Connecting the Frontend and The Backend
Having organized all the code pieces together now, lets run two terminals together, one for the FastAPI backend and other for the react.js frontend. Change directory to frontend in the new terminal and type the following:
npm run start
Now choose the same file 1.jpeg, and lets see the results:
Now choose a file which has no damage. For example this image:
As expected, no class is displayed.
Possible Problems You Might Run Into and How to Troubleshoot Them
- You should make sure that the file name of both the image and annotations are the same but their extension should be (.jpg, .jpeg,.png) in case of images and .txt in case of annotations.

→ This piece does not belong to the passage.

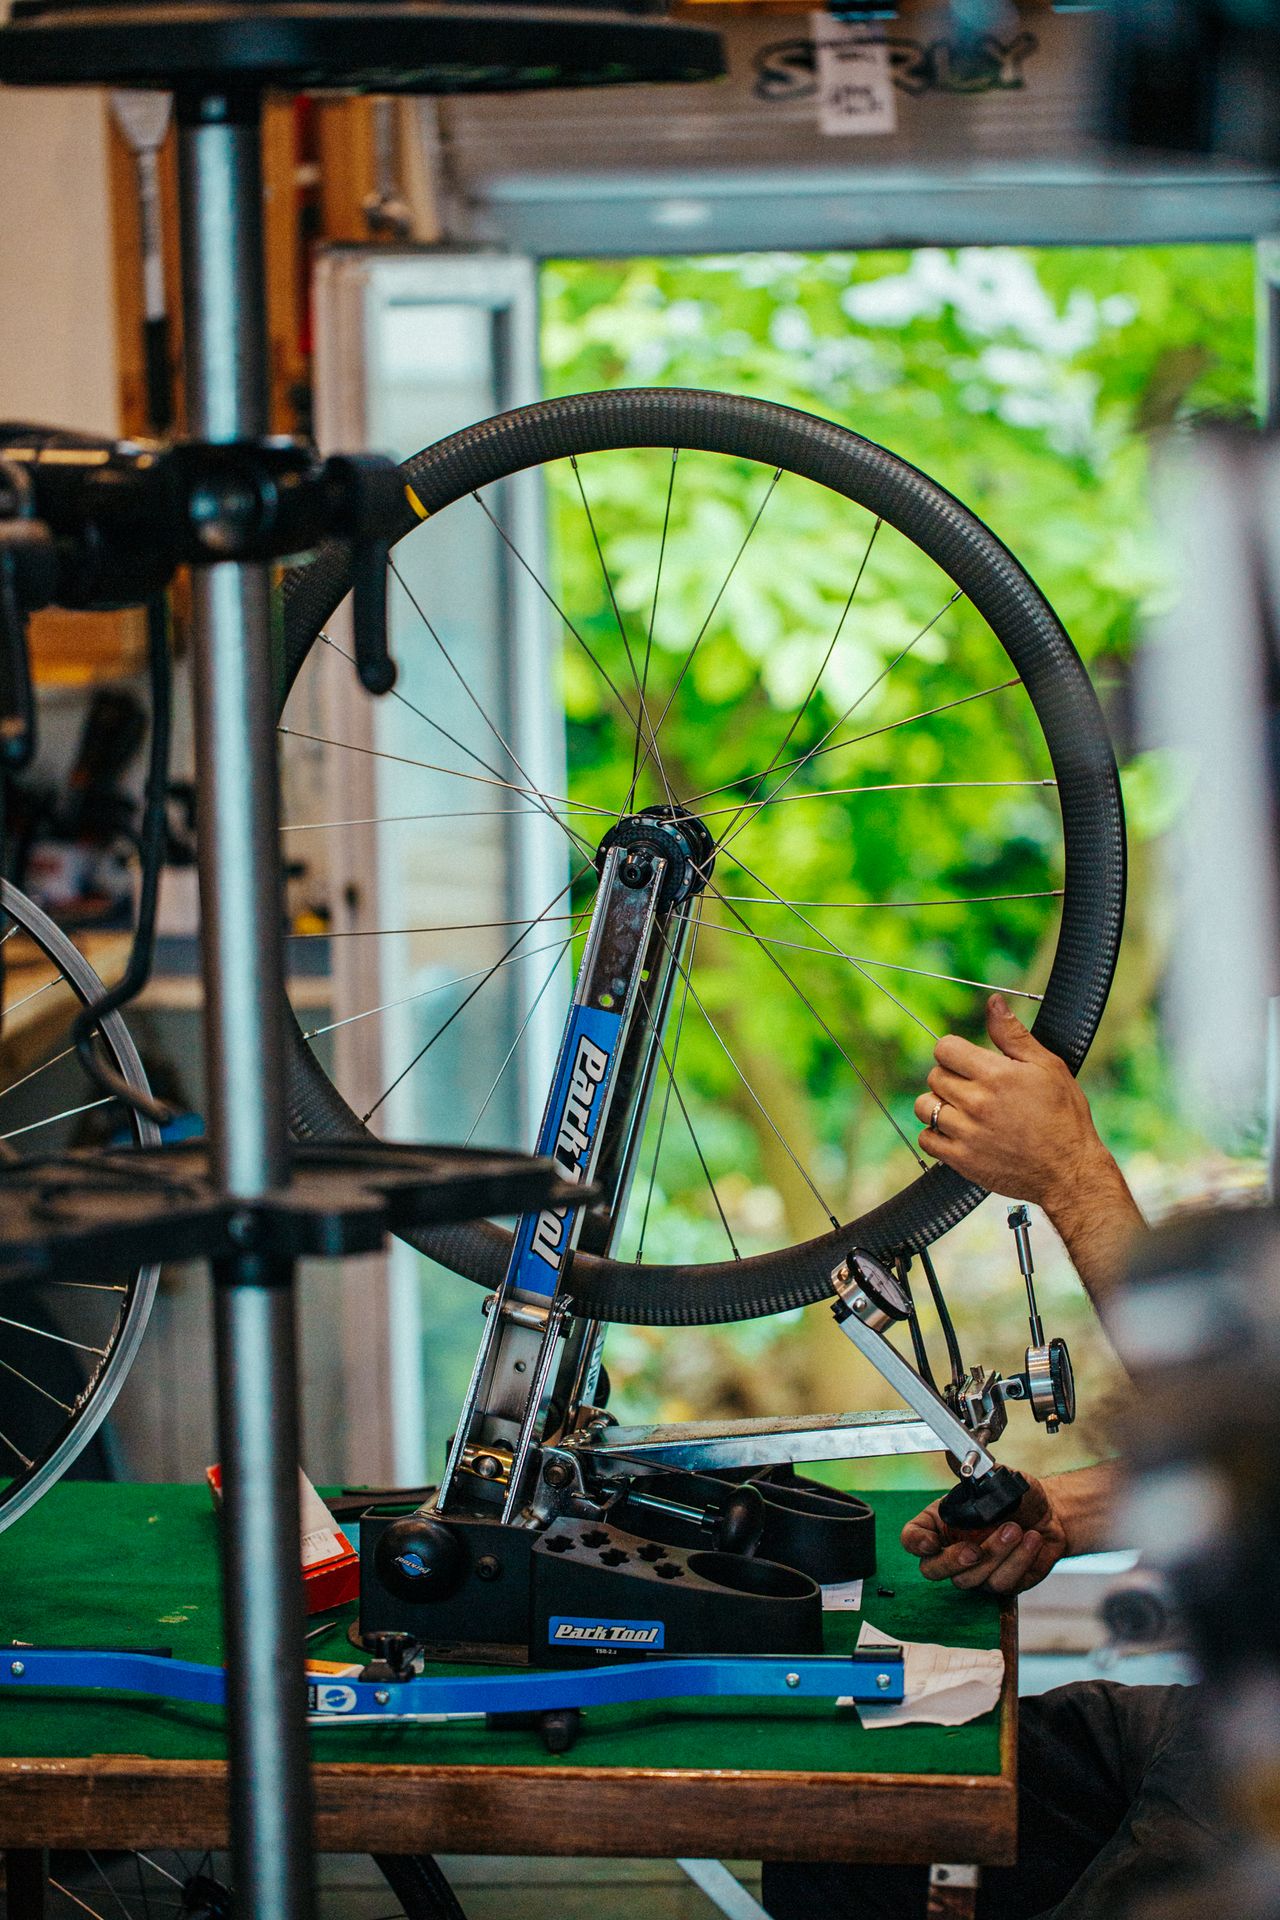 rayonnage, assemblage et mise en tension de ryaon pour une roue de vélo pignon fixe

- If in case you lost a file, be it image or annotation, you are in big trouble. One thing you can do is delete the corresponding img file if the annotation is missing or vice versa. But since we have a large number of files, it sometimes becomes difficult to place exactly which file is missing in case the naming convention is random. To fix this I wrote a python script:
import os
import pandas as pd
# set the path to the folder containing the files
folder_path = 'path/to/folder/'
# get a list of file names in the folder
file_names = os.listdir(folder_path)
# remove the extensions from the file names
file_names_no_ext = [os.path.splitext(f)[0] for f in file_names]

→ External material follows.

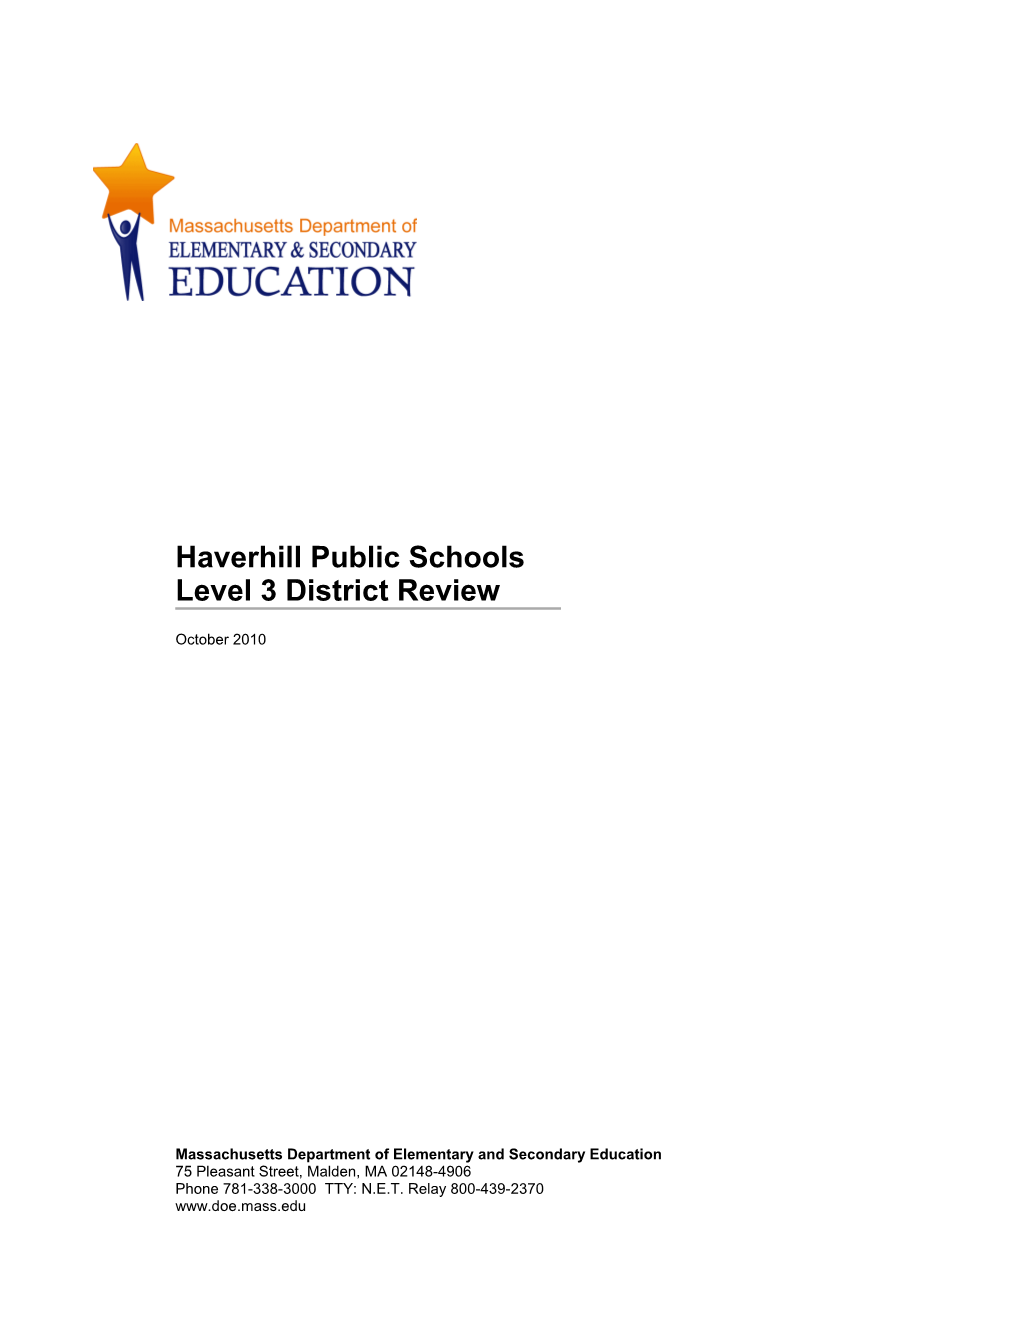 Haverhill Public Schools, Level 3 Review Report, October 2010

# create a pandas DataFrame with the file names
df1 = pd.DataFrame({'File Name': file_names_no_ext})
missing_file_name = df1[~df1['File Name'].isin(df2['File Name'])]['File Name'].values[0]
# print the missing file name
print(f"The missing file name is {missing_file_name}.")

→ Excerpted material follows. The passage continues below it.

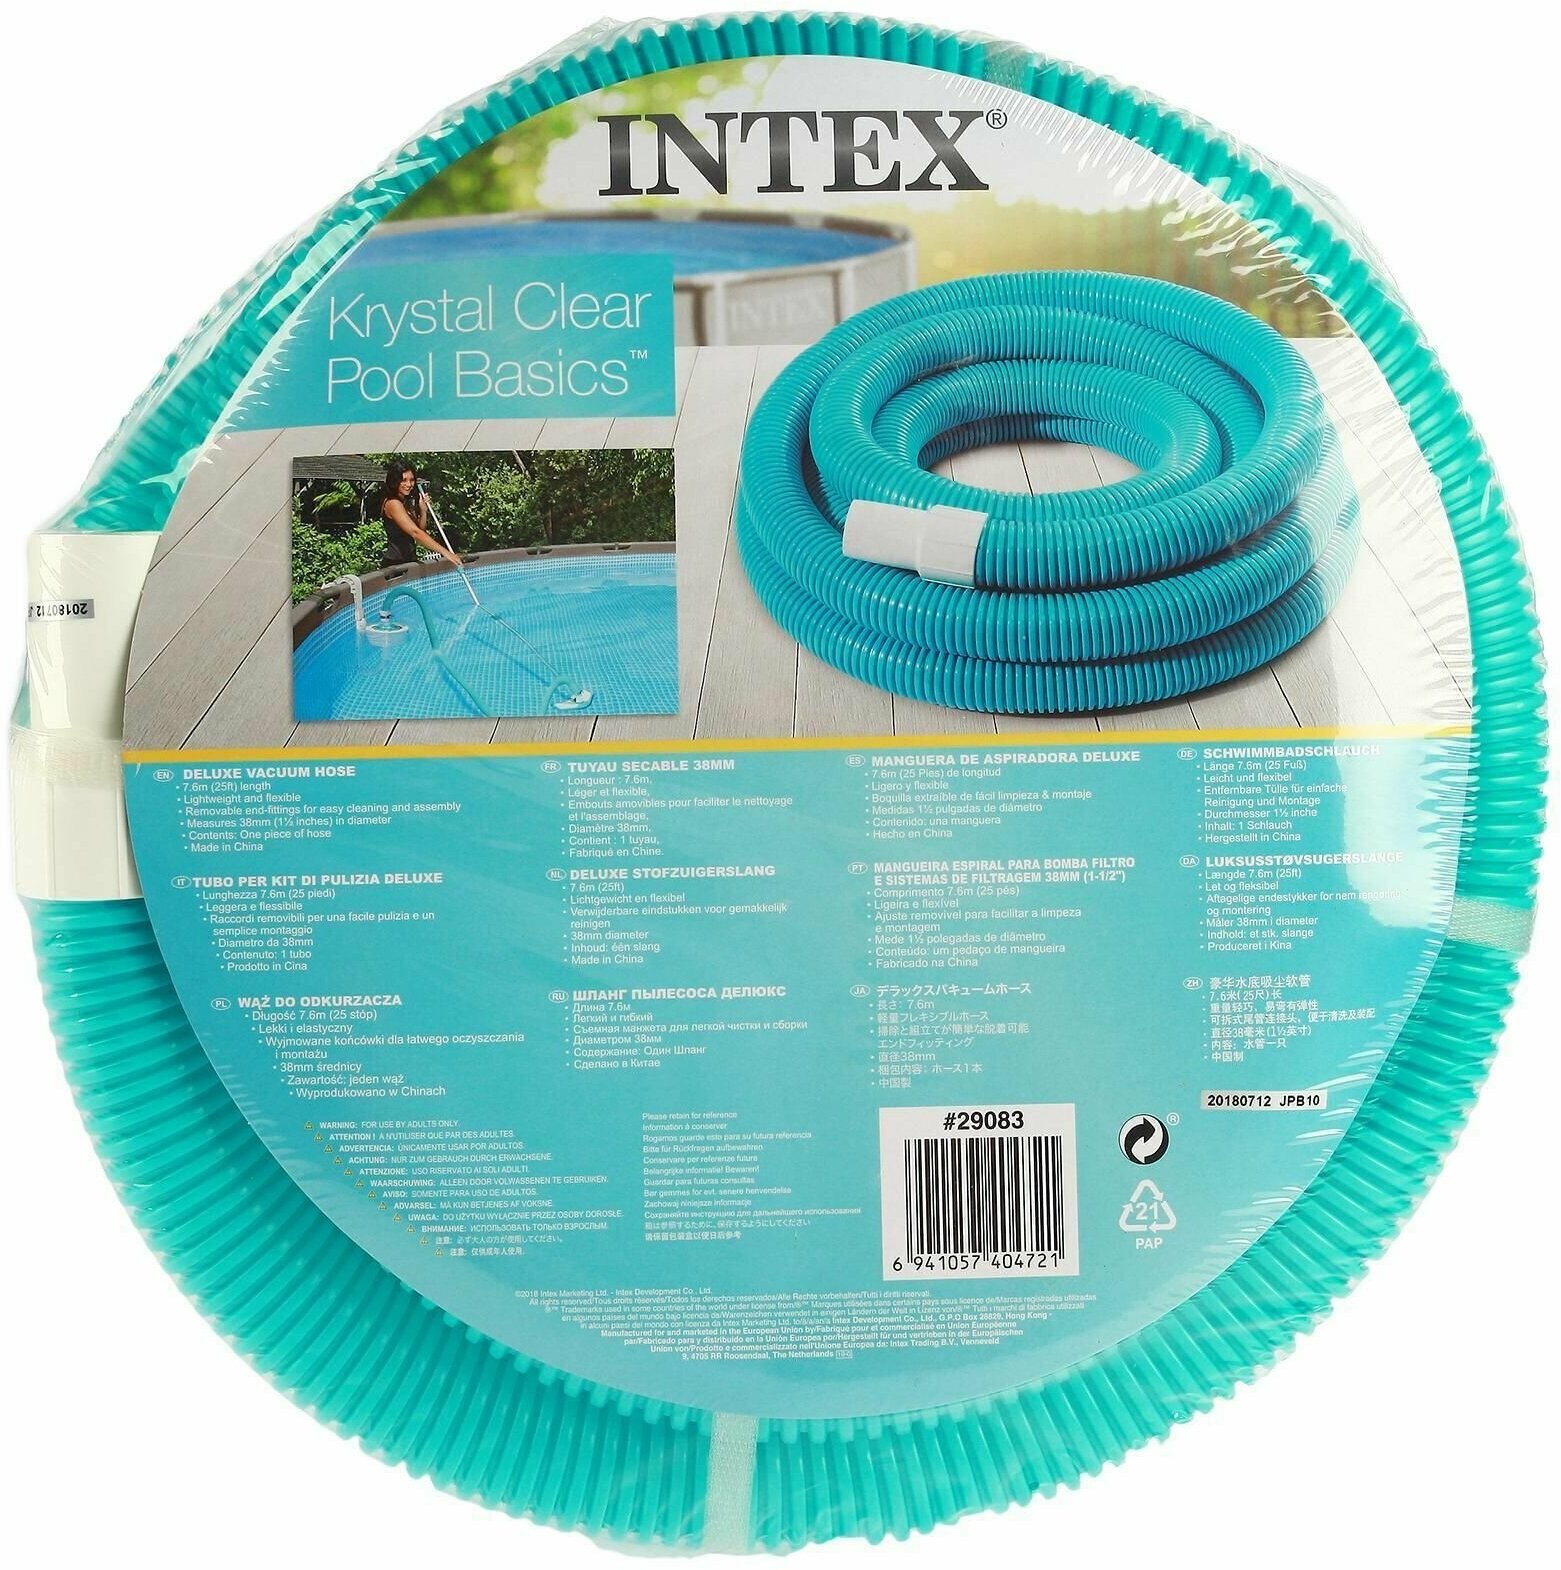 Шланг для бассейна Intex - фото №9

The above code snippet will help find out the name of the missing file and we can manually delete it.
- Make sure that the folder structure is exactly correct like I have shown above, otherwise you will run into asyncio errors.
- In case of class imbalance, you can solve the problem by data augmentation, sampling techniques, or assigning weights to the less represented classes.
Other alternatives for deployment
You can also try flask, streamlit, etc to deploy your model.
In case you are using streamlit, you can use the following code snippet:
import streamlit as st
import torch
from PIL import Image, ImageDraw
from ultralytics import YOLO
# Load YOLOv8 model
model = attempt_load('path/to/model.pt', map_location=torch.device('cpu'))
# Load input image
image = Image.open('path/to/image.jpg').convert('RGB')
# Resize image
image_size = 640
image = letterbox(image, new_shape=image_size)[0]
# Convert image to tensor
image = torch.Tensor(image).unsqueeze(0)
# Perform inference
output = model(image)[0]
# Perform non-maximum suppression to remove overlapping detections
output = non_max_suppression(output, conf_thres=0.5, iou_thres=0.5)
# Draw bounding boxes on the input image
draw = ImageDraw.Draw(image)
for detection in output[0]:
x1, y1, x2, y2, conf, cls = detection.cpu().numpy()
draw.rectangle([(x1, y1), (x2, y2)], outline=(255, 0, 0), width=3)
draw.text((x1, y1 - 20), f'{int(conf*100)}% {cls}', fill=(255, 0, 0))
# Display input and output images
st.image([image, output_image], width=300)
You can run the above code using "streamlit run deployment.py" and it will direct you to a sleek UI where you can upload the image and view the results.
Outro
I hope I have covered all the aspects of the latest YOLO model and it can be used by anyone out there who is trying to train it on a custom dataset and deploy it to production. You can also opt to use Gradient by Paperspace for training. Let me know in the comments how else the whole process can be improved. Till then, happy reading!